以上选了五段马祖主要的开示和接机;以下再节录两段直说的法语,最便初机。
“一日谓众曰︰汝等诸人各信自心是佛,此心即是佛心。达磨大师从南天竺国来至中华,传上乘一心之法,令汝等开悟,又引楞伽经文以印众生心地,恐汝颠倒不自信此一心之法各各有之,故楞伽经以‘佛语心为宗,无门为法门。夫求法者应无所求,心外无别佛,佛外无别心,不取善,不舍恶,净秽两边俱不依怙,达罪性空,念念不可得,无自性故。(中略)汝但随时言说,即事即理都无所碍,菩提道果亦复如是。于心所生即名为色,知色空故生即不生,若了此意乃可随时着衣吃饭长养圣胎,任运过时更有何事?汝受吾教,听吾偈曰︰心地随时说,菩提亦抵宁,事理俱无碍,当生即不生。”
“一日示众云︰道不用修,但莫污染。何为污染?但有生死心,造作趋向皆是污染。若欲直会其道,平常心是道。何谓平常心?无造作,无是非,无取舍,无断常,无凡圣,故经云‘非凡夫行,非圣贤行,是菩萨行。’只如今行住坐卧应机接物尽是道,道即是法界。乃至河沙妙用不出法界。若不然者,云何言心地法门,云何言无尽灯。(中略)建立亦得,扫荡亦得,尽是妙用,妙用尽是自家,非离真而有立处,立处即真,尽是自家体。若不然者,更是何人?一切法皆是佛法,诸法即是解脱,解脱者即是真如,诸法不出于真如。行住坐卧悉是不思议用,不待时节,经云‘在在处处则为有佛’。(中略)如天起云忽有还无不留踪迹,犹如划水成文不生不灭是大寂灭,在缠名如来藏,出缠号净法身。(中略)性无有异,用则不同。在迷为识,在悟为智;顺理为悟,顺事为迷;迷则迷自本心,悟则悟自本性。一悟永悟,不复更迷,如日出时不合于暗,智慧日出不与烦恼暗俱。了心境界,妄想即除,妄想既除即是无生,法性本有有不假修。(中略)若见此理真正合道。随缘度日,坐起相随,戒行增熏积于净业,但能如是,何虑不通。”
马祖印可的弟子
马祖会下得法者众,据云出八十四人善知识,法道之盛罕有其匹。时人称马祖道场为“选佛场”,大冶洪炉锻炼出许多铜头铁额汉,叹未曾有。嗣法印可诸弟子中,以百丈、南泉、归宗、大梅、盐官、盘山等师最为杰出。(下略)
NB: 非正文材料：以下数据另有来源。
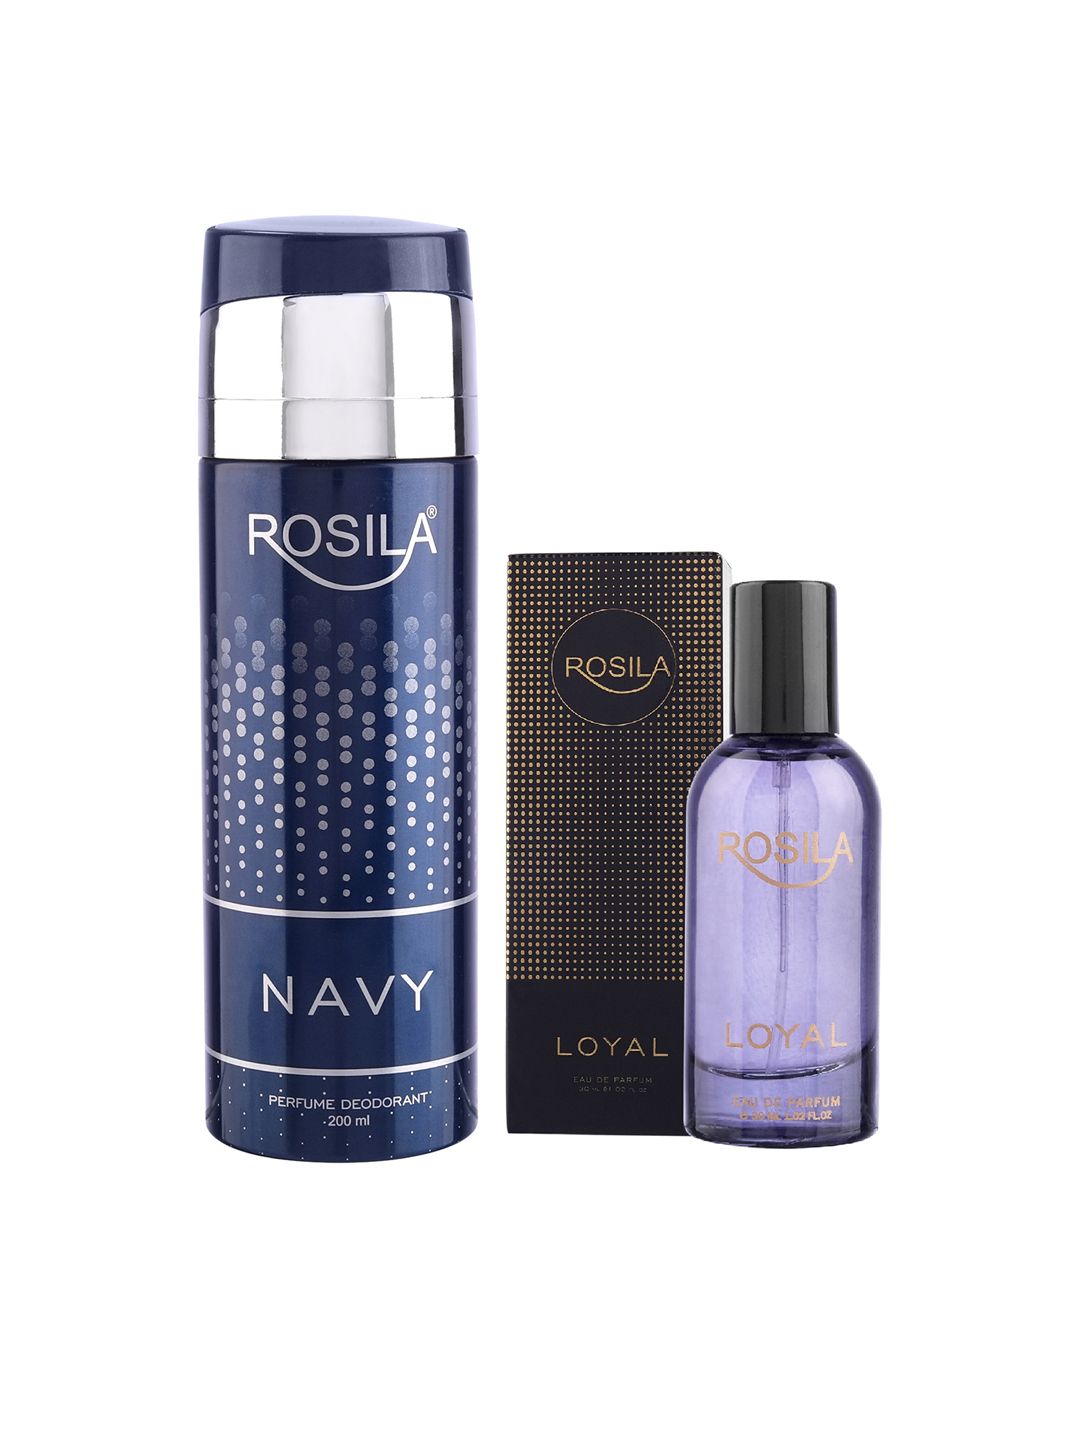 ROSILA Set of Loyal Eau De Parfum 30 ml & Navy Deodorant 200 ml Price in India

◎附二︰马祖道一语录选辑(摘录自《古尊宿语录》卷一)
马祖大寂禅师,师讳道一,汉州什邡人也,俗姓马氏。江西法嗣布于天下,时号马祖焉。
问︰“如何是修道?”师云︰“道不属修,若言修得,修成还坏,即同声闻;若言不修,即同凡夫。”云︰“作何见解即得达道?”云︰“自性本来具足,但于善恶事上不滞,唤作修道人,取善舍恶,观空入定,即属造作,更若向外驰求,转□转远,但尽三界心量一念妄想,即是三界生死根本,但无一念即除生死根本,即得法王无上珍宝,无量劫来,凡夫妄想,谄曲邪伪,我慢贡高合为一体。故经云︰但以众法合成此身,起时唯法起,灭时唯法灭。此法起时不言我起,灭时不言我灭。前念后念中念,念念不相待,念念寂灭,唤作海印三昧,摄一切法,如百千异流,同归大海,都名海水,住于一味,即摄众味,住于大海,即混诸流。如人在大海中浴,即用一切水。所以声闻悟迷,凡夫迷悟,声闻不知圣心本无地位因果阶级心量,妄想修因证果住其空定八万劫二万劫,虽即已悟却迷。诸菩萨观如地狱苦,沉空滞寂,不见佛性,若是上根众生,忽遇善知识指示,言下领会,更不历于阶级地位,顿悟本性。故经云︰凡夫有反覆心,而声闻无也。对迷说悟,本既无迷,悟亦不立。一切众生从无量劫来,不出法性三昧,长在法性三昧中着衣吃饭言谈祇对,六根运用一切施为,尽是法性,不解返源,随名逐相,迷情妄起,造种种业,若能一念返照全体圣心,汝等诸人各达自心,莫记吾语,纵饶说得河沙道理,其心亦不增,总说不得其心亦不减,说得亦是汝心,说不得亦是汝心。乃至分身放光现十八变,不如还我死灰来,淋过死灰无力,喻声闻妄修因证果,未淋过死灰有力,喻菩萨道业纯熟,诸恶不染;若说如来权教三藏河沙劫说不可尽,犹如钩锁亦不断绝,若悟圣心总无余事,久立珍重。”
上堂庞居士问︰“不与万法为侣者是什么人?”师云︰“待汝一口吸尽西江水即向汝道。”又问︰“不昧本来身,请师高着眼。”师直下觑,士云︰“一等没弦琴,唯师弹得妙。”师直上觑,士礼拜,师归方丈,居士随后云︰“适来弄巧成拙。”问︰“如何是佛?”师云︰“即心是佛。”
[参考资料] 〈唐故洪州开元寺石门道一禅师塔铭〉(《全唐文》卷五0一);《宋高僧传》卷十;《景德传灯录》卷六;宇井伯寿《禅宗史研究》;铃木哲雄《唐五代禅宗史》;忽滑谷快天《禅学思想史》上卷。